JCR – Seria por este despertar da esperança que o senhor se dedica tanto ao memorialismo, tanto do ponto de vista das grandes figuras literárias de seu país, como Pablo Neruda, Gabriela Mistral, Vicente Huidobro e também à memorialística política, propriamente dita ? Que papel isso pode desempenhar na formação dessa consciência para despertar a esperança?

Volodia Teitelboim – O resgate da memória é tarefa importante, ante a imposição da antimemória, da amnésia programada como sistema de governo e também de classe.

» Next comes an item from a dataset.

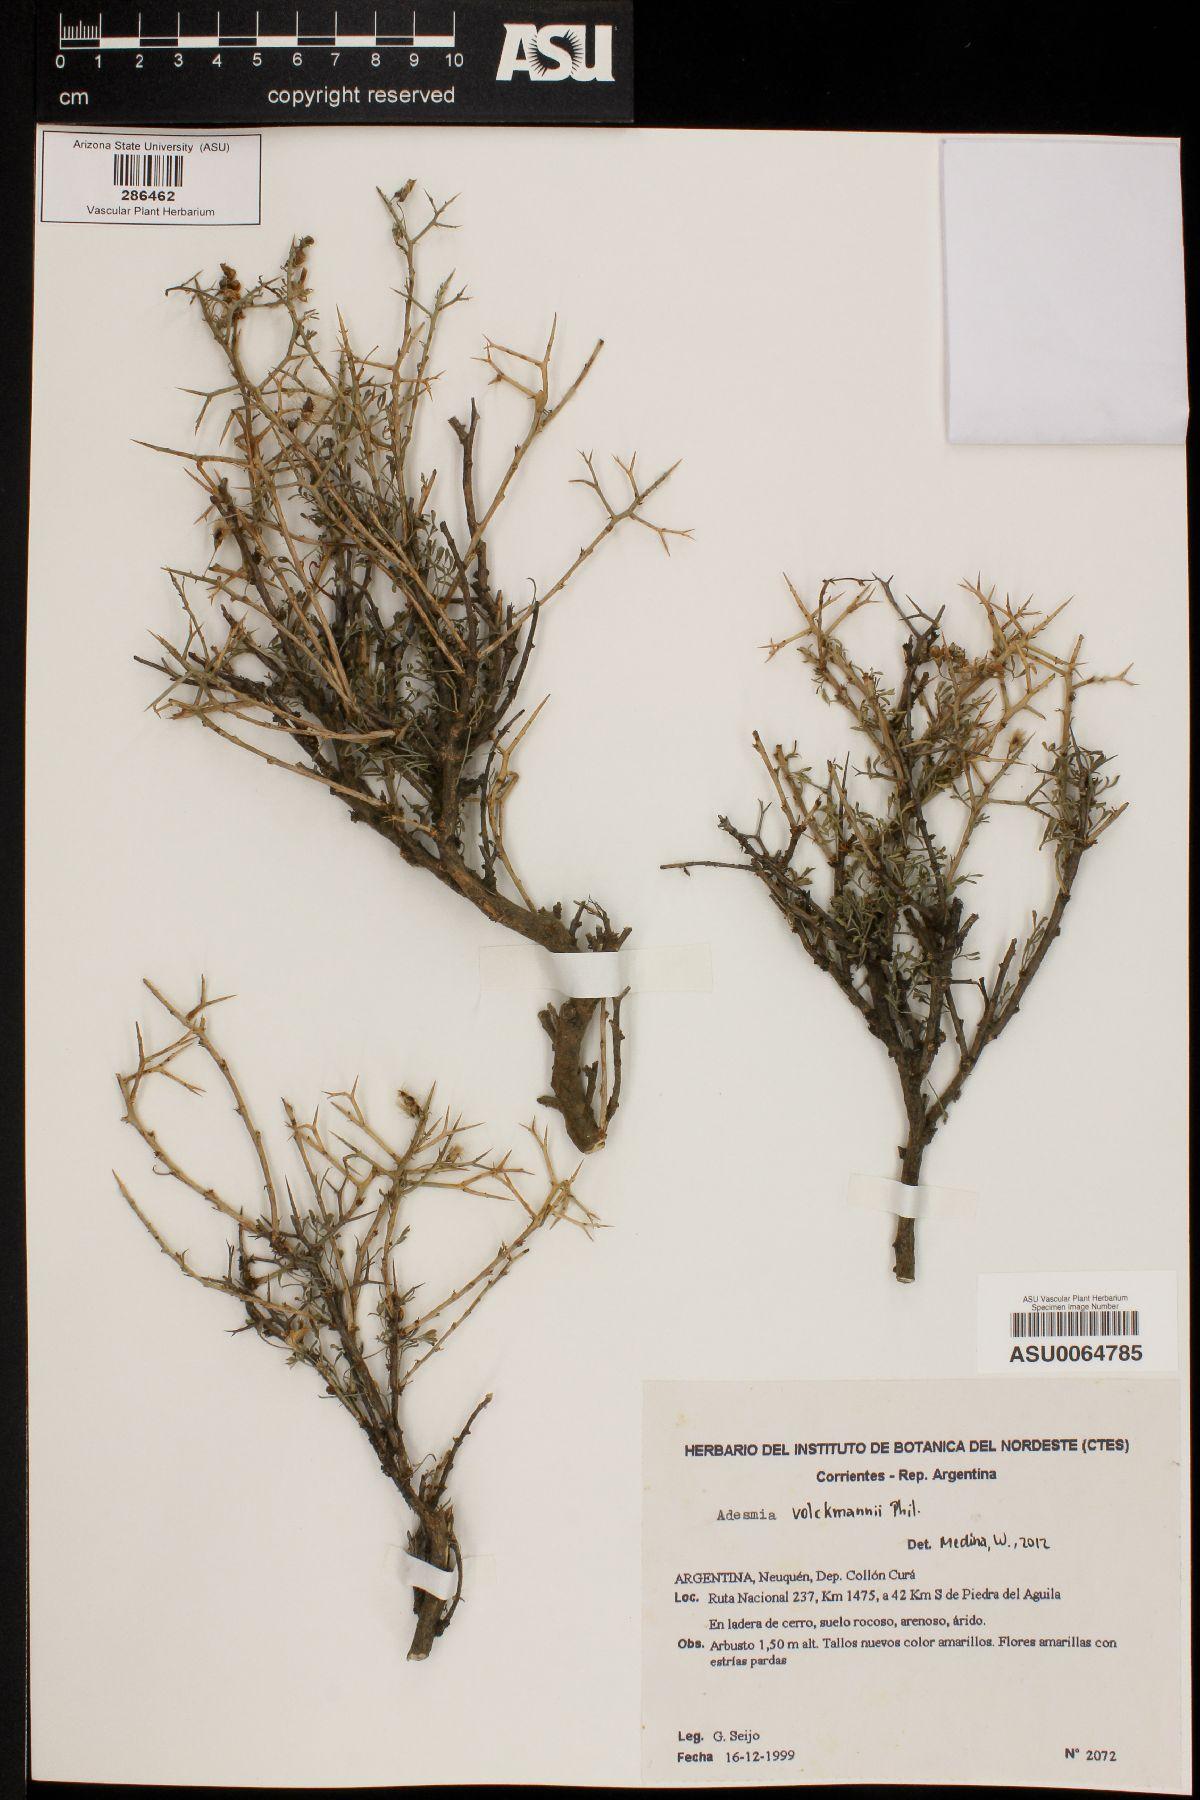 Adesmia volckmannii image

Que dizem Pinochet e seu grupo? "Não se deve olhar para o passado, nem recordar, deve-se olhar só para o futuro". Eles, que são os representantes das trevas, do passado mais tenebroso, do ponto de vista propagandístico descrevem-se como partidários do futuro e dizem que se deve olhar para o futuro. E por que querem olhar somente para o futuro? E a que futuro querem olhar? Não conseguem olhar para o passado porque o passado os condena, porque têm as contas pendentes dos horrores praticados, pelos desaparecidos, pelas violações aos direitos humanos. Mas achamos que se deve relembrar, como condição necessária para que o drama, a hecatombe não se repita.

Se não houver memória dos crimes cometidos, as pessoas não criarão uma autodefesa psicológica para evitá-los quando o perigo se apresentar e se repetir. O animal está em sua toca preparando o bote. Creio que é absolutamente indispensável que as pessoas, a opinião pública, vão fundo na busca da verdade e da justiça a re peito do que se passou, como uma espécie de antídoto que previna a repetição de e dramas espantosos.

Nós temos a tarefa essencial, como um dever social, de denunciar, tarefa que deve abranger milhares de pessoas, inclusive as pessoas simples, todos aqueles que sofreram na própria carne, em sua família, o drama dos crimes.

Se esses senhores voltarem a repetir aquilo, merecerão a condenação do mundo. E não haverá impunidade eternamente. Pode haver aqui no Chile, temporariamente, um senador vitalício que recebe honras, mas que não se pode mover do país. A punição a Pinochet pode ser um aporte da justiça, além de ter um fundo solidário. Há uma certa consciência mundial, que se está estendendo, de que os crimes contra a humanidade não têm fronteira e não prescrevem com o tempo.

Meu trabalho concentra-se no momento no campo da cultura. Escrevi memórias e biografias sobre Neruda, Gabriela Mistral, Borges e Huidobro. Este trabalho, do ponto de vista da análise literária, deve ser rigoroso, deve ter muita exatidão, não para repetir as imagens conhecidas, mas para completar as fisionomias e os significados desses autores e não simplesmente a respeito de si mesmos, de sua própria poesia, mas também como representantes dos grandes sonhos de seus povos. Neruda, além de ter sido o maior poeta do amor, do canto da natureza, das coisas do mundo e dos objetos, foi também, como disse a academia sueca, o poeta de todo o mundo violentado, do mundo latinoamericano, do mundo dos esquecidos, dos golpeados. Portanto, é muito importante que sua obra seja um patrimônio das pessoas e não só um patrimônio do leitor de poesia, mas do povo, porque afinal ele falou ao povo, foi o advogado dos povos, foi o poeta do povo, pois há uma tendência para estigmatizar Neruda como unicamente o poeta do amor, sem considerar o resto.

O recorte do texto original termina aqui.